BEGIN Dataset extract

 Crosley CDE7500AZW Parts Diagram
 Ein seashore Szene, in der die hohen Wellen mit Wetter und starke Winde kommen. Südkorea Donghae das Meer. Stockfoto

END Dataset extract
BEGIN Dataset extract

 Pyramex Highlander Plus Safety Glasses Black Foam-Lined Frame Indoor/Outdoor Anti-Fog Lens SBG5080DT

END Dataset extract

• **Directions**
Take the entries above and return only the lines from the one with "Crosley CDE7500AZW Parts Diagram" to the one with "Ein seashore Szene, in", both included, unchanged.

• **Reply**
 Crosley CDE7500AZW Parts Diagram
 Ein seashore Szene, in der die hohen Wellen mit Wetter und starke Winde kommen. Südkorea Donghae das Meer. Stockfoto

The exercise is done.